Vegan Christmas cake #Christmas #cake #Vegan


Replacement eggs for chia seeds on this vegan tackle a conventional Christmas cake. The coconut oil provides a splendid heritage flavour and keeps the cake wet.


INGREDIENTS

  • 1kg mixed dried fruit (use a mix of raisins, sultanas, currants, cherries, cranberries, prunes or figs)
  • zest and juice of 1 orange
  • zest and juice of 1 lemon
  • 150ml rum, plus extra for feeding
  • 250g coconut oil
  • 200g light soft brown sugar
  • 4 tbsp chia seeds
  • 175g plain flour
  • 100g ground almonds
  • ½ tsp baking powder
  • 2 tsp mixed spice
  • 1 tsp ground cinnamon
  • ¼ tsp ground cloves
  • 100g flaked almonds
  • 1 tsp vanilla extract

METHOD
  1. positioned the dried fruit, zests and juice, rum, coconut oil and sugar into a big pan set over a medium heat. give it an amazing mix, convey to the boil, then lower the heat and simmer for 5 mins until the sugar has dissolved. Tip the mixture into a massive bowl and depart to cool for 30 minutes. 
  2. warmness oven to 150C/130C fan/gasoline 2. Line a deep 20cm cake tin with a double layer of baking parchment, then wrap a double layer of newspaper across the outside, tying it with string to secure. blend the chia seeds with 150ml water. go away to sit for 5 mins till gel-like and thick.
  3. add the last elements to the fruit mixture, along side the chia seed mix, and stir well, ensuring there aren't any pockets of flour.

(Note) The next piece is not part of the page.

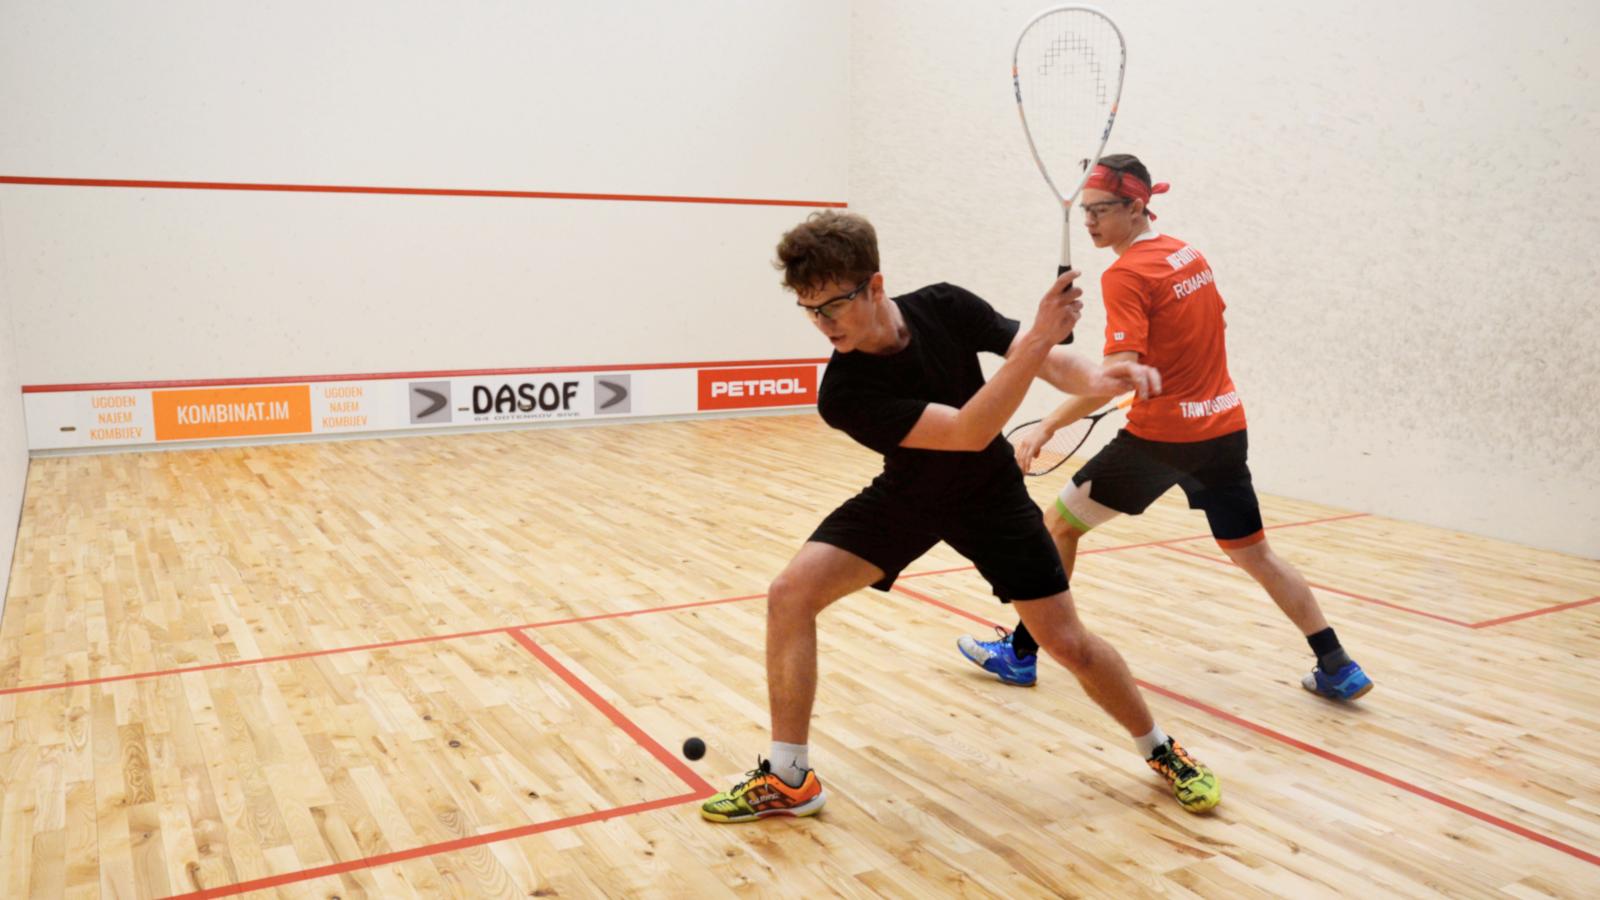 Organizacija squash tekmovanj

Tip into your prepared tin, stage the top with a spoon and bake within the centre of the oven for two hrs.
  4. dispose of the cake from the oven, poke holes in it with a skewer and spoon over 2 tbsp of rum. leave the cake to cool absolutely inside the tin.
  5. To shop, peel off the baking parchment, then wrap properly in dangle film. Feed the cake with 1-2 tbsp alcohol every fortnight, until you ice it. Don’t feed the cake for the very last week to provide the surface a risk to dry before icing.